- _SOURCE INFORMATION_:
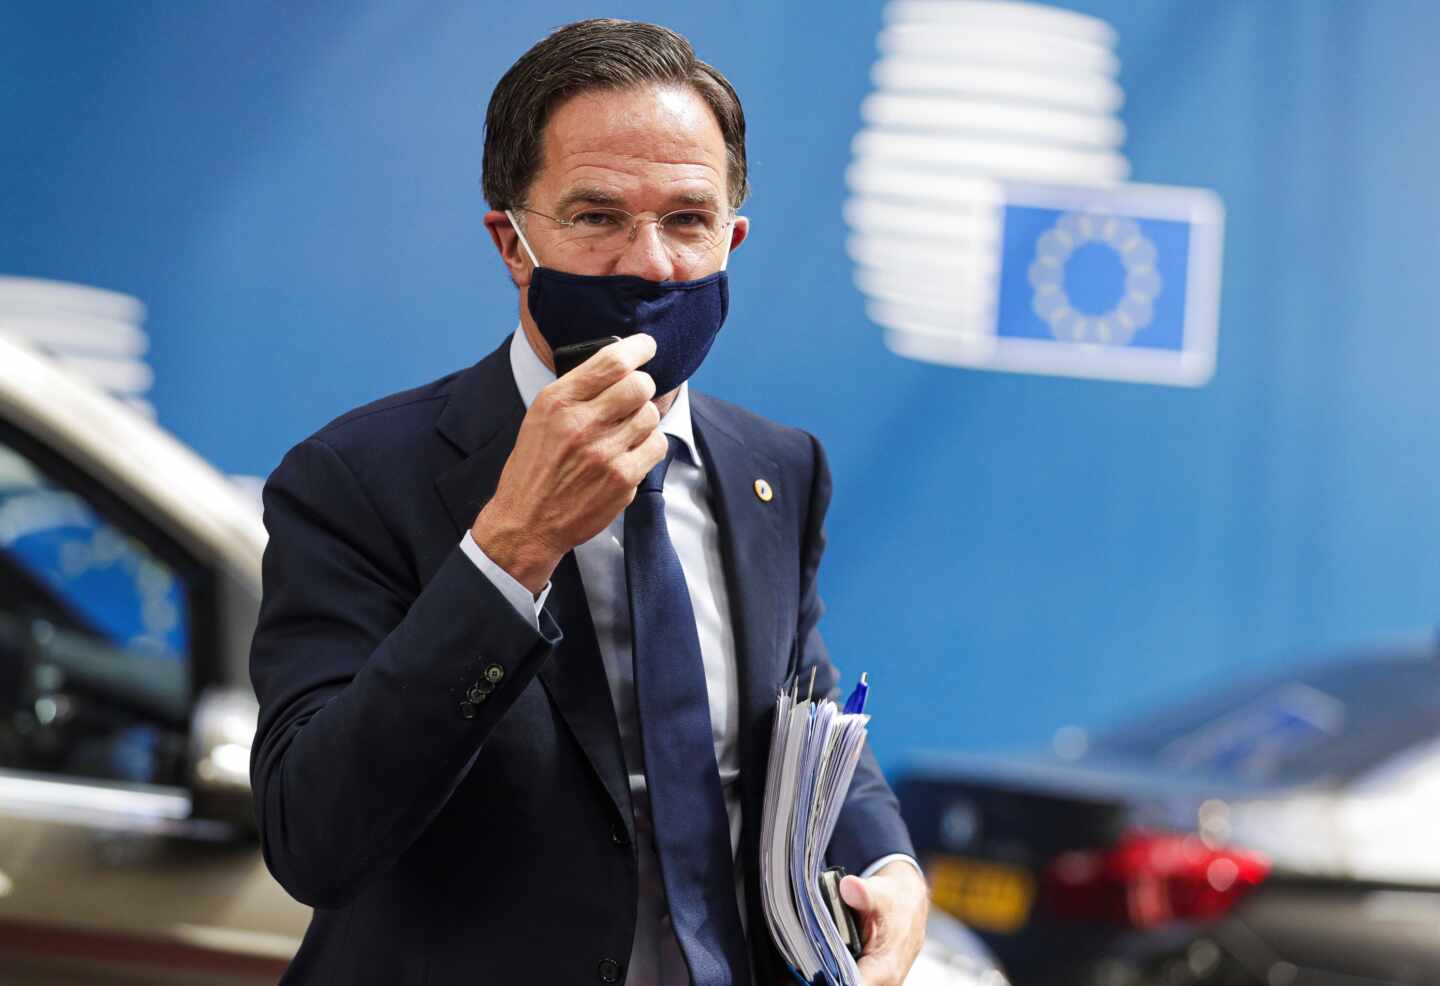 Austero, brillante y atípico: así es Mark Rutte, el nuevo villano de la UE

--

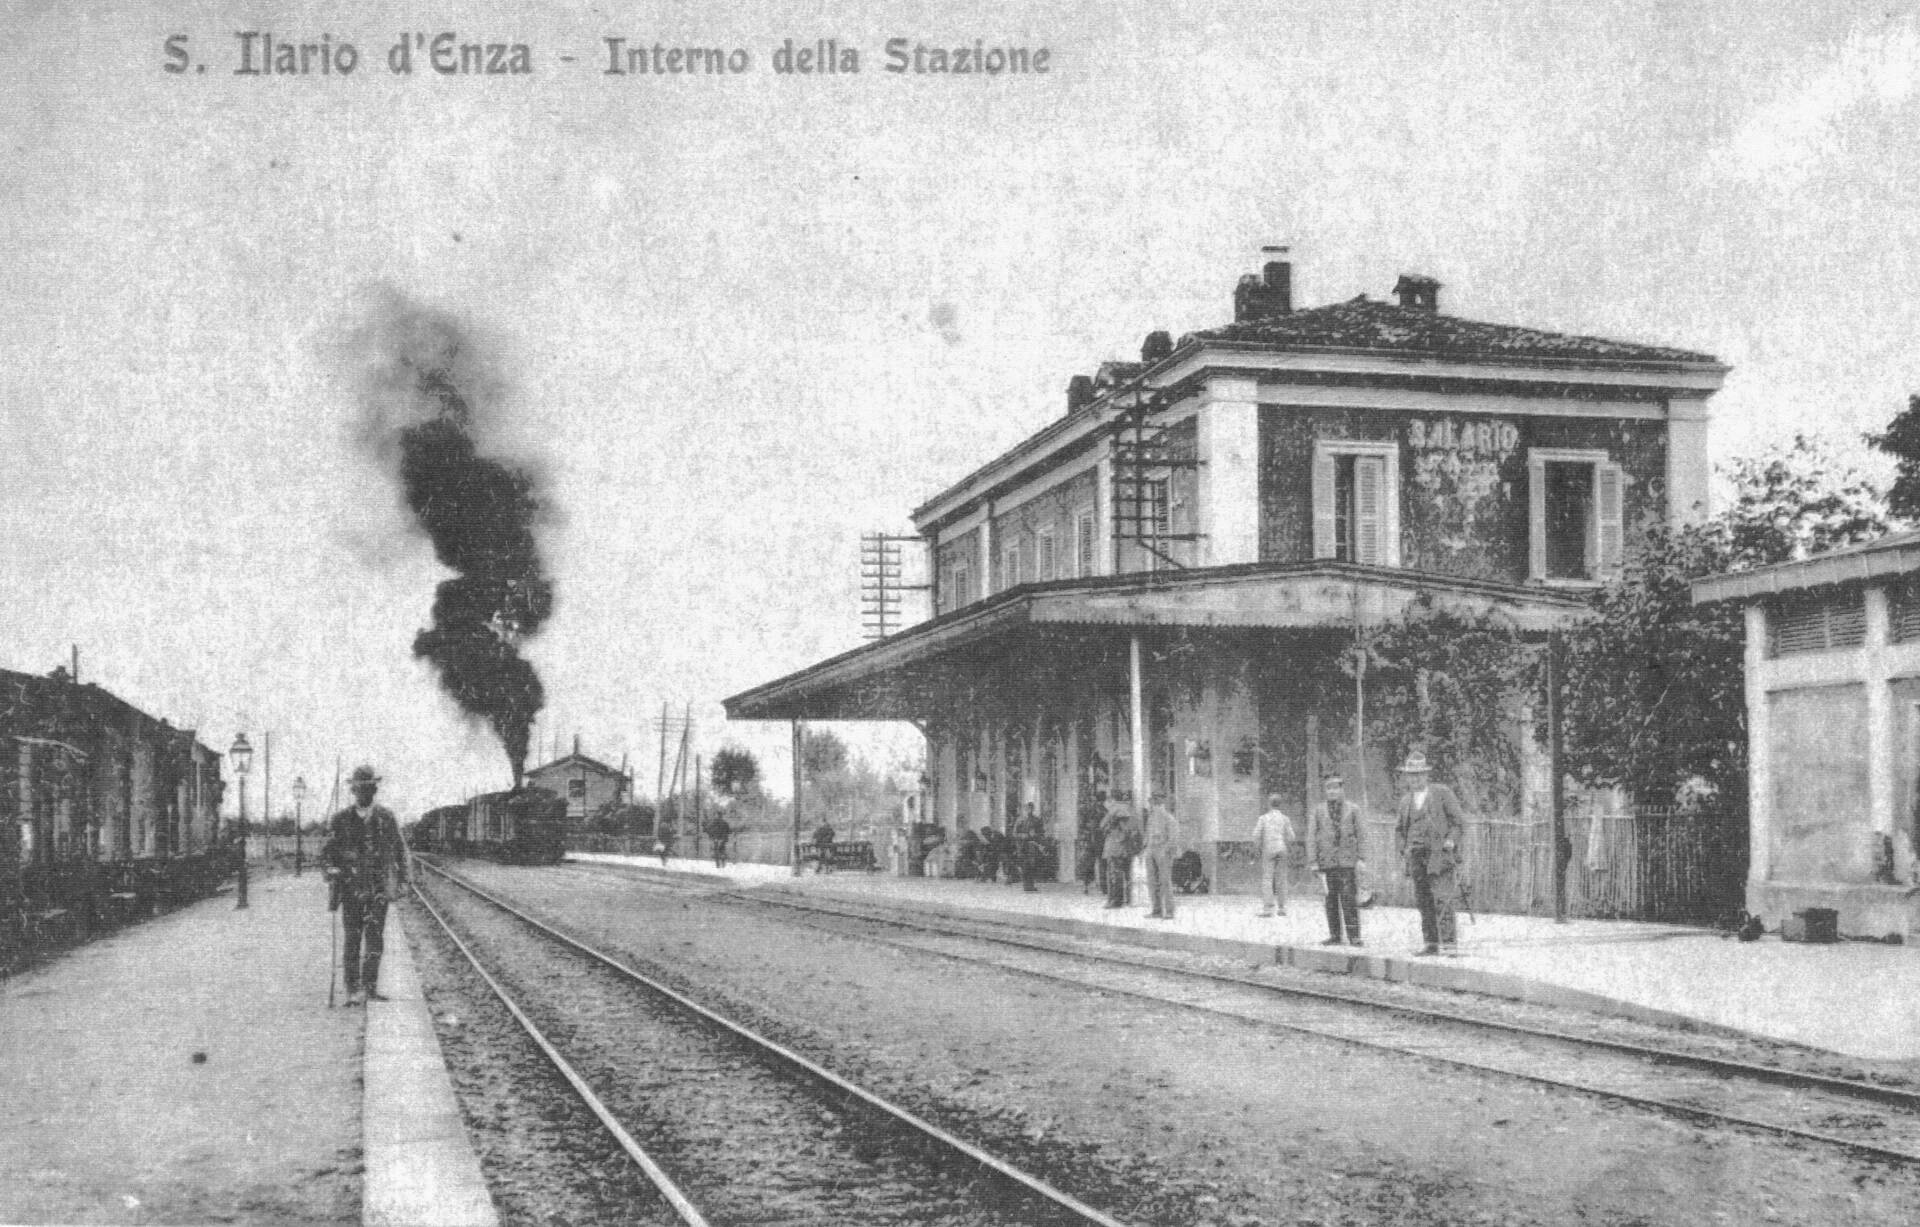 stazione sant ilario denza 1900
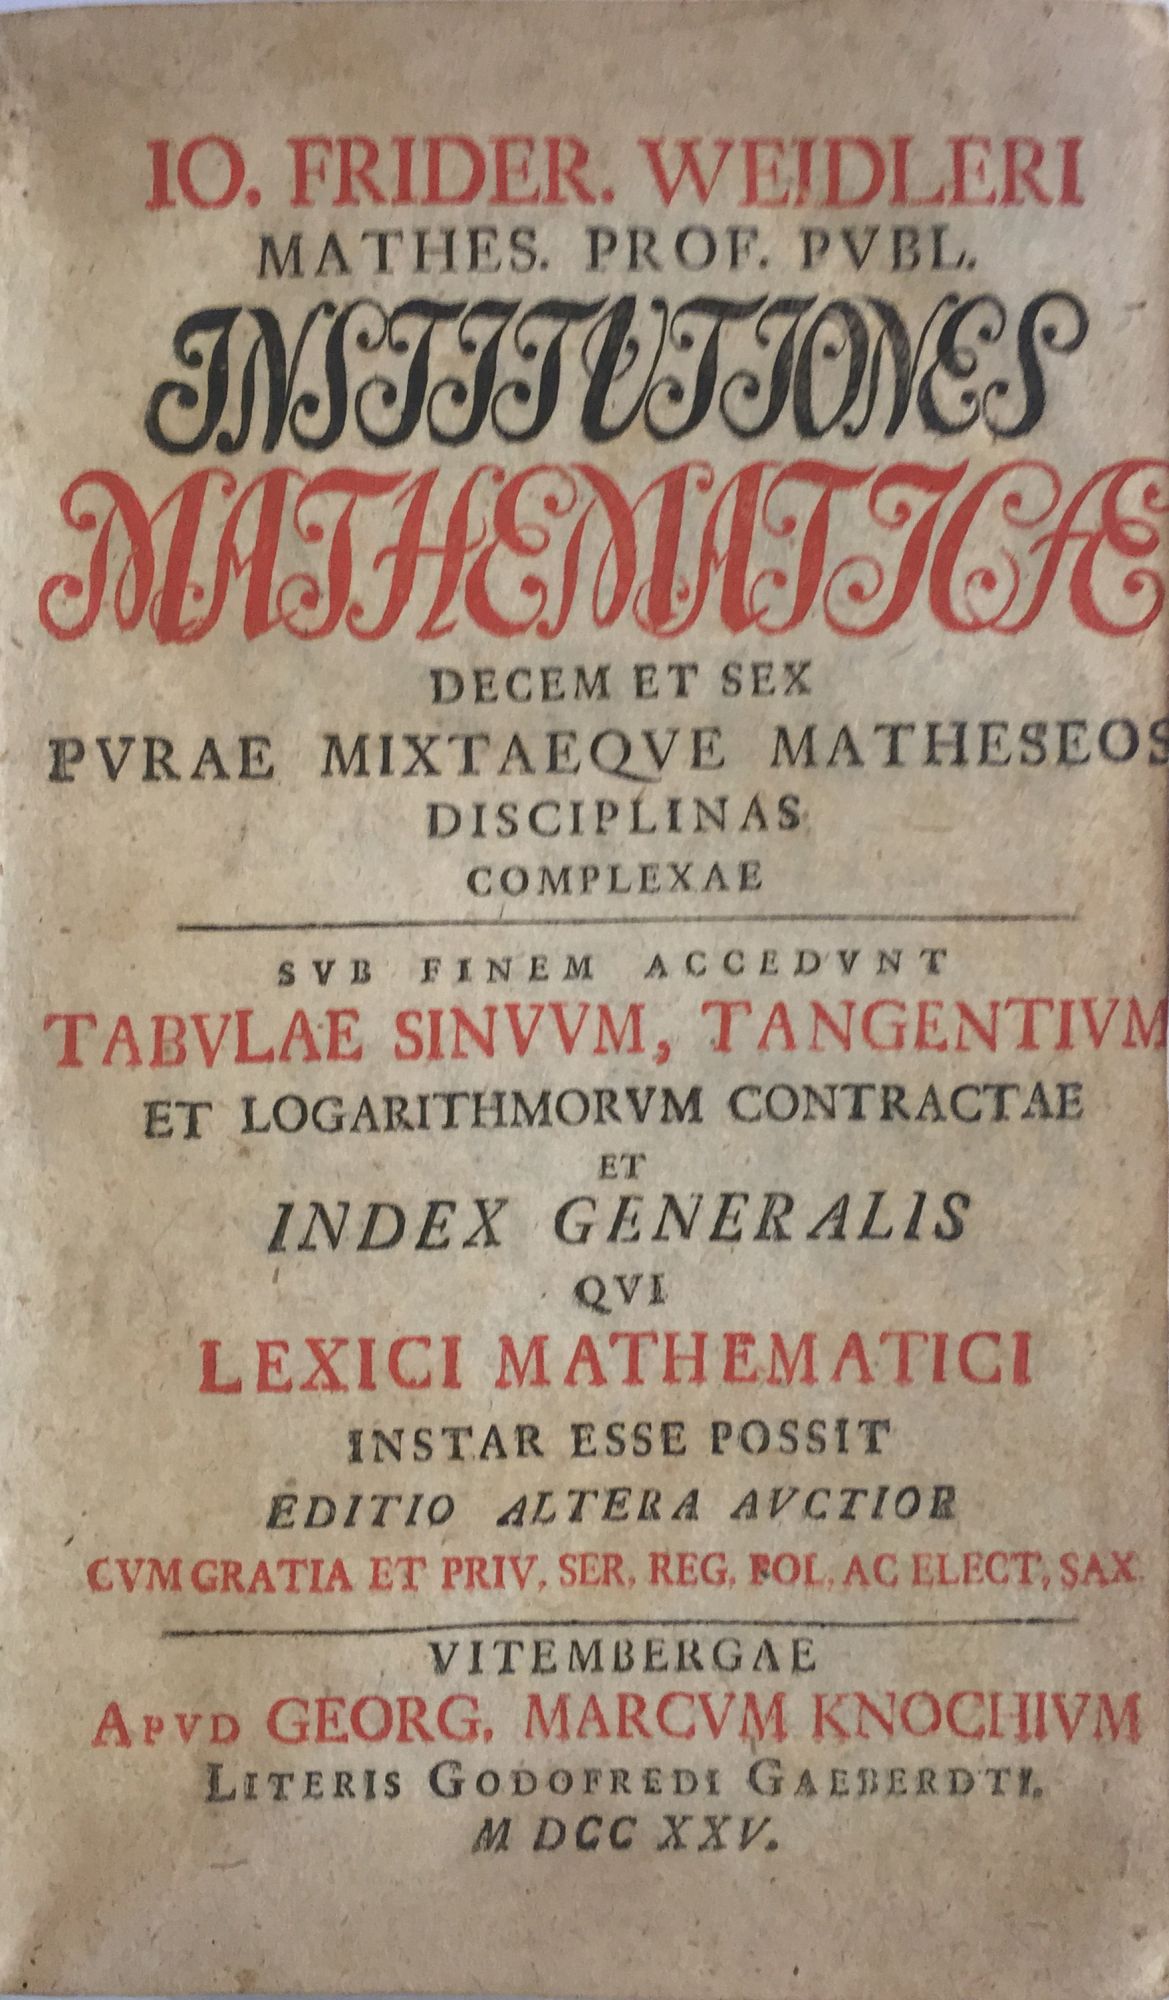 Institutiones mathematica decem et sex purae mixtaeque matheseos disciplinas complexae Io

--

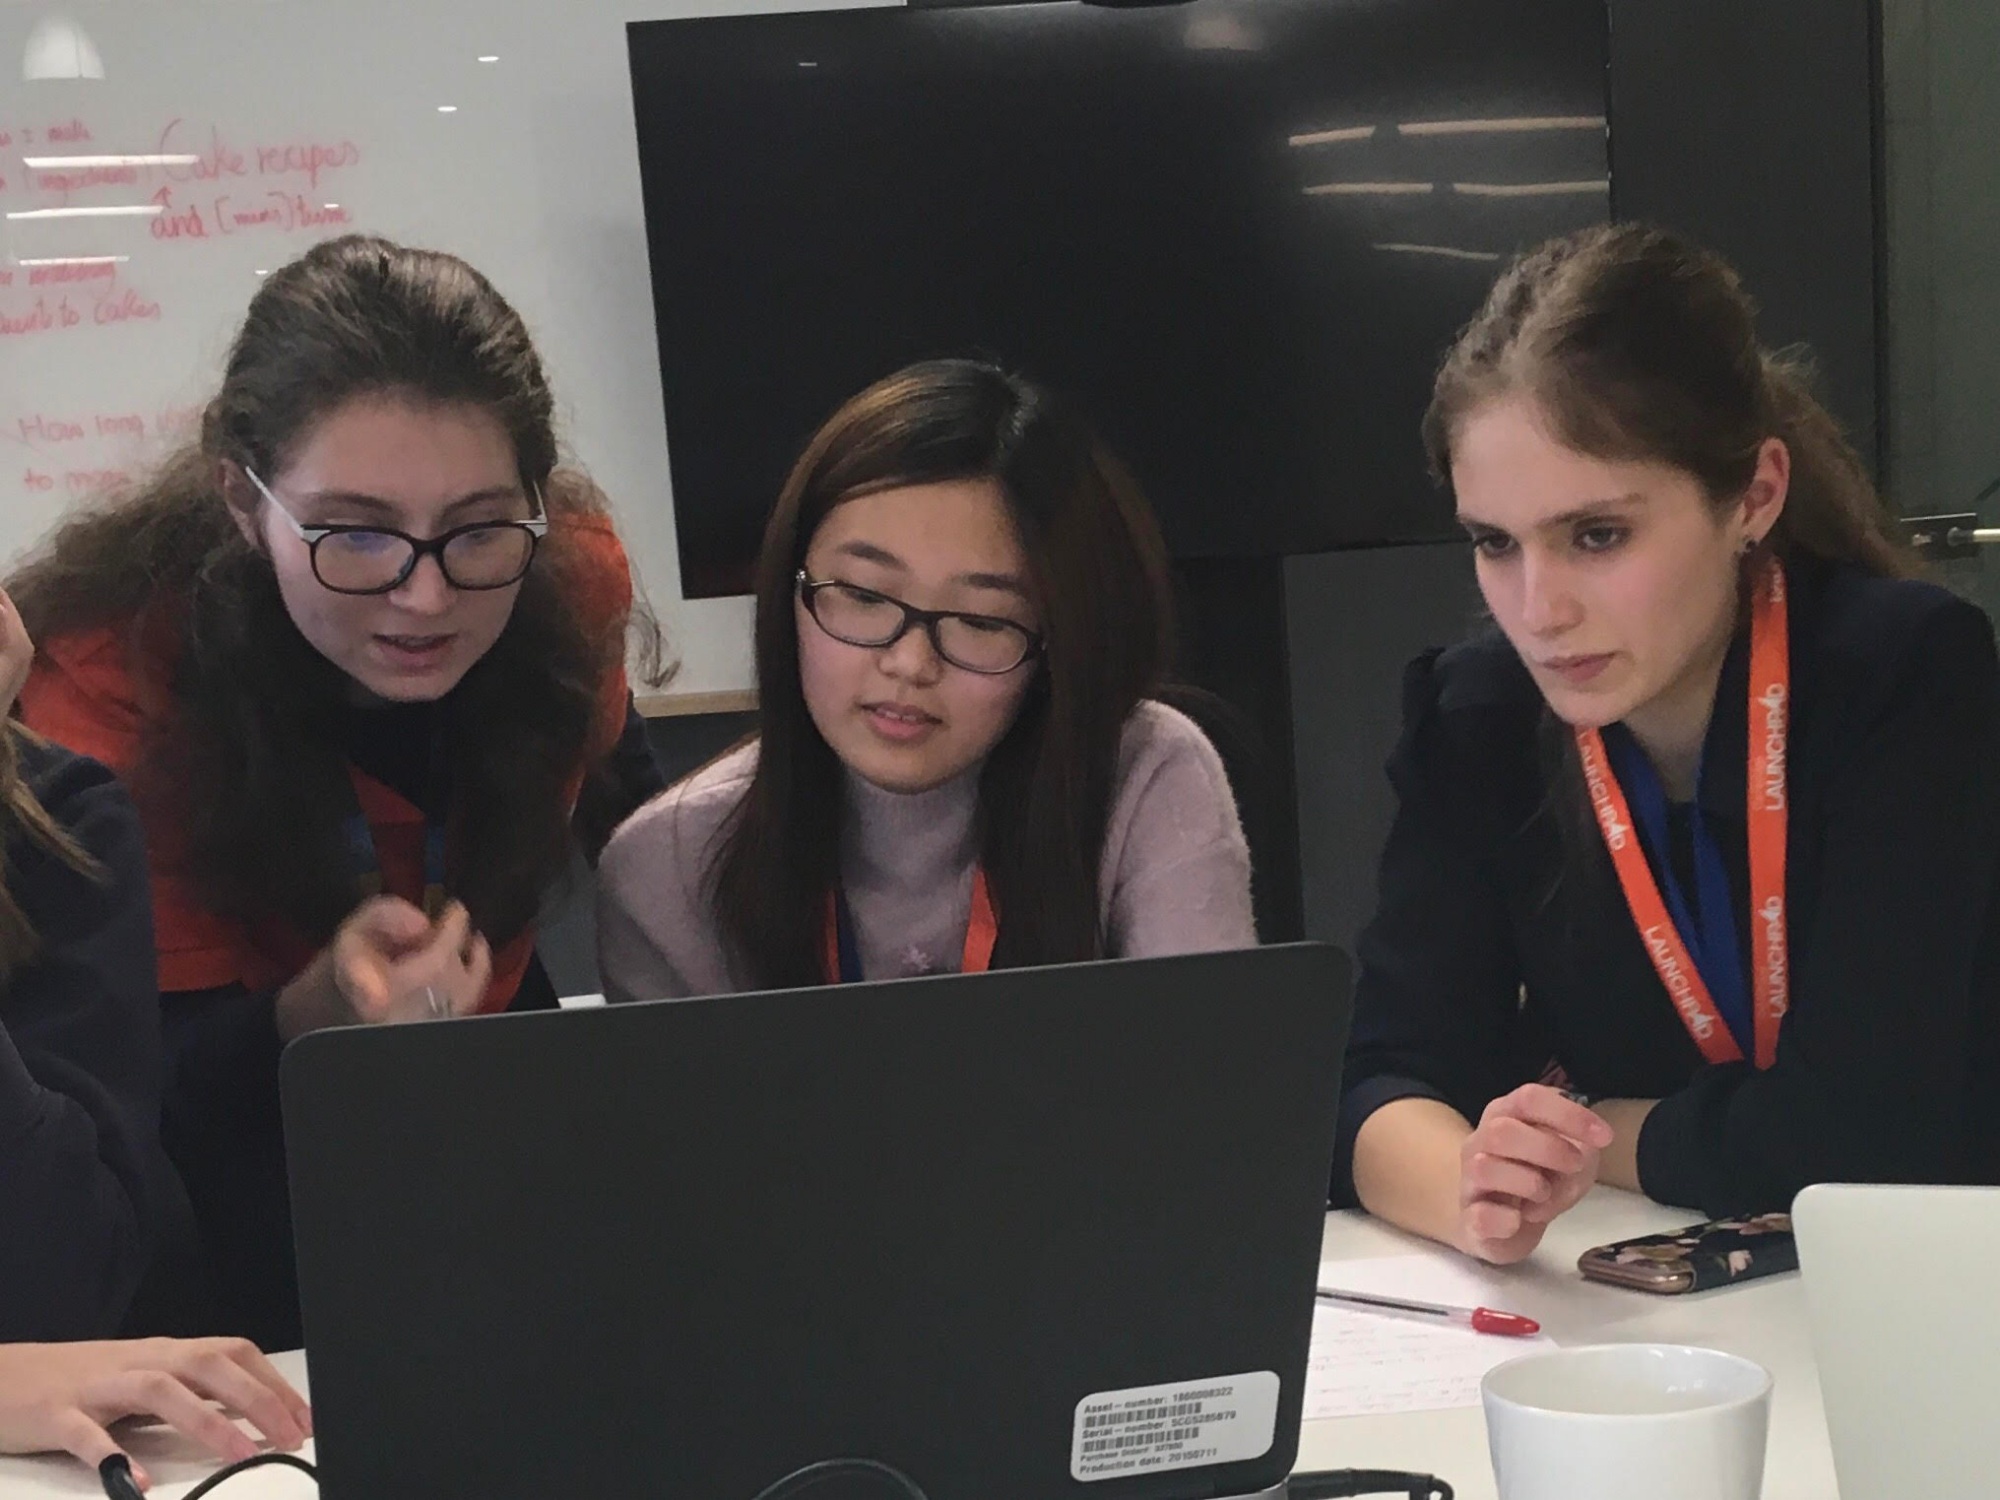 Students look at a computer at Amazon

- _PROBLEM TO SOLVE_:
Each line above that falls between the line with "stazione sant ilario denza 1900" and the line with "Institutiones mathematica decem" should be printed exactly, together with those two lines, but the pictures should not.

- _WORKED SOLUTION_:
 stazione sant ilario denza 1900
 Institutiones mathematica decem et sex purae mixtaeque matheseos disciplinas complexae Io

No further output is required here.